학술논문

Fuzzy Feedback Multiagent Reinforcement Learning for Adversarial Dynamic Multiteam Competitions
Document Type
Periodical
Source
IEEE Transactions on Fuzzy Systems IEEE Trans. Fuzzy Syst. Fuzzy Systems, IEEE Transactions on. 32(5):2811-2824 May, 2024
Subject
Computing and Processing
Heuristic algorithms
Task analysis
Optimization
Fuzzy systems
Bayes methods
Reinforcement learning
Real-time systems
Bayesian optimization (BayesOpt)
fuzzy feedback control
multiagent systems
multiteam competition
reinforcement learning (RL)
Language
ISSN
1063-6706
1941-0034
Abstract
A large proportion of recent studies on cooperative multiagent reinforcement learning (MARL) focus on the policy-learning process in scenarios with stationary opponents (or without opponents). This article, instead, investigates a different challenge of achieving team superiority in dynamic competitions among competitors that evolve dynamically with MARL. We aim to enhance the competitiveness of such MARL learners by enabling them to adjust their own learning settings dynamically, so as to take quick counter measures against the policy shift of competitor learners, or to learn faster to suppress the opponents. We propose a competitive automultiagent learner with fuzzy feedback (CALF) with two essential highlights: 1) CALF establishes feedback controllers to achieve real-time adjustments based on fuzzy logic, using human-readable fuzzy rules to provide significant explainability and flexibility; 2) CALF integrates Bayesian optimization to search and optimize the feedback fuzzy logic rules automatically. CALF can be used to apply real-time adjustments for MARL hyperparameters and intrinsic rewards. We also give solid empirical results to show that CALF significantly promotes team competitiveness in adversarial competitions, spanning from small-scale tasks involving two teams to large-scale tasks involving three teams and hundreds of agents.
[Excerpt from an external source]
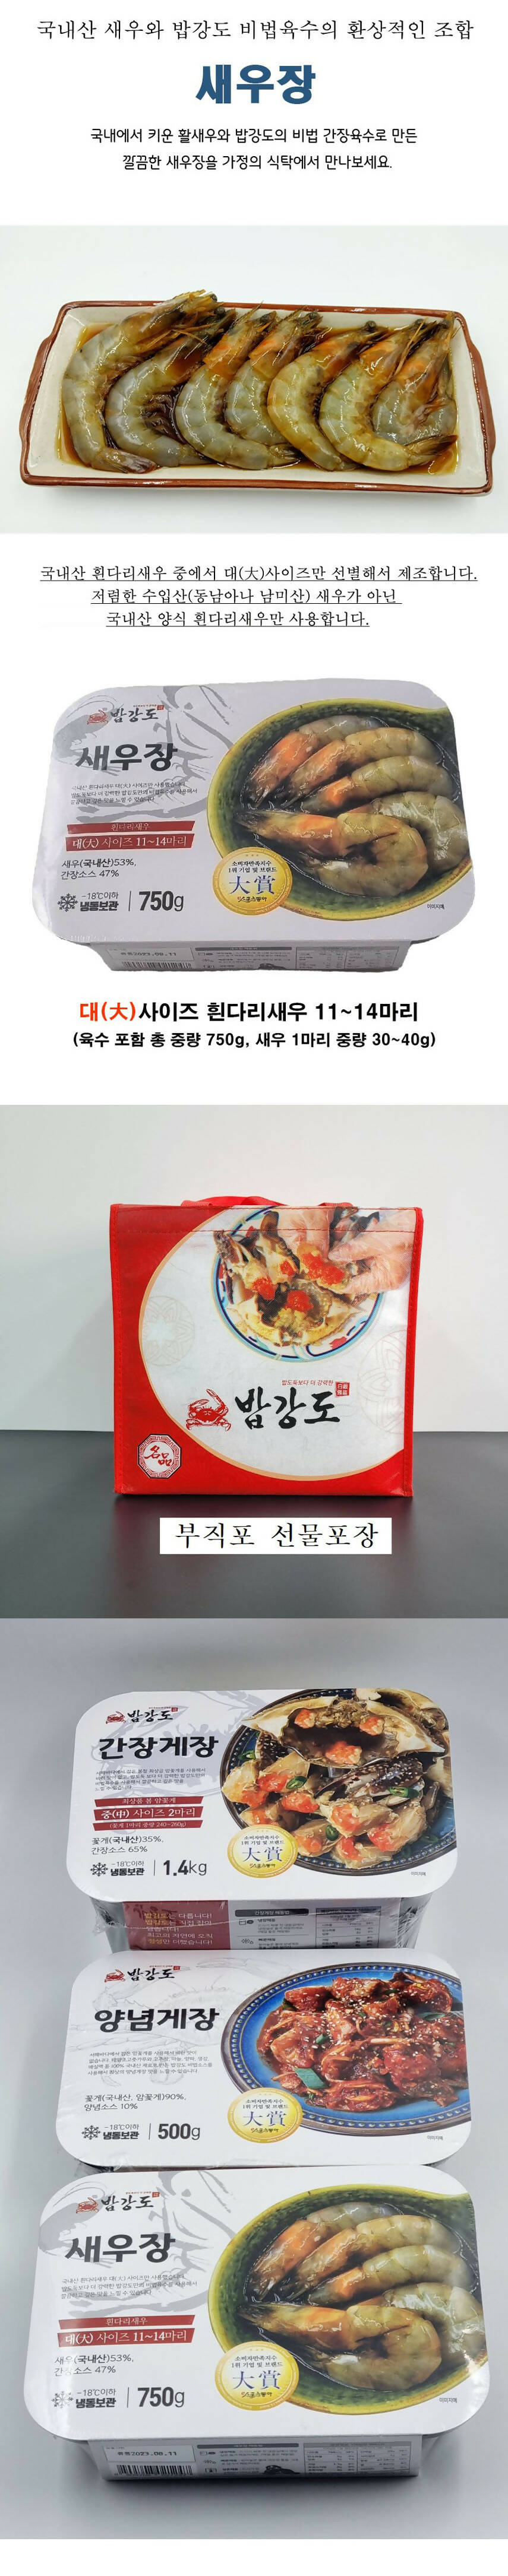 [고국배송] 최상품 군산 밥강도 3종 선물세트 (간장게장 1.4kg + 양념게장 500g + 새우장700g)

Furthermore, CALF exhibits superior competitiveness when engaging in competition with established competitors, such as Qmix, Qtran, and Qplex, in dynamic competitive environments. Moreover, the experiments also demonstrate that the integration of the fuzzy logic with Bayesian optimization offers considerable transferability and explainability, enabling a CALF-implemented learner optimized from one scenario to be transferred to other distinct scenarios.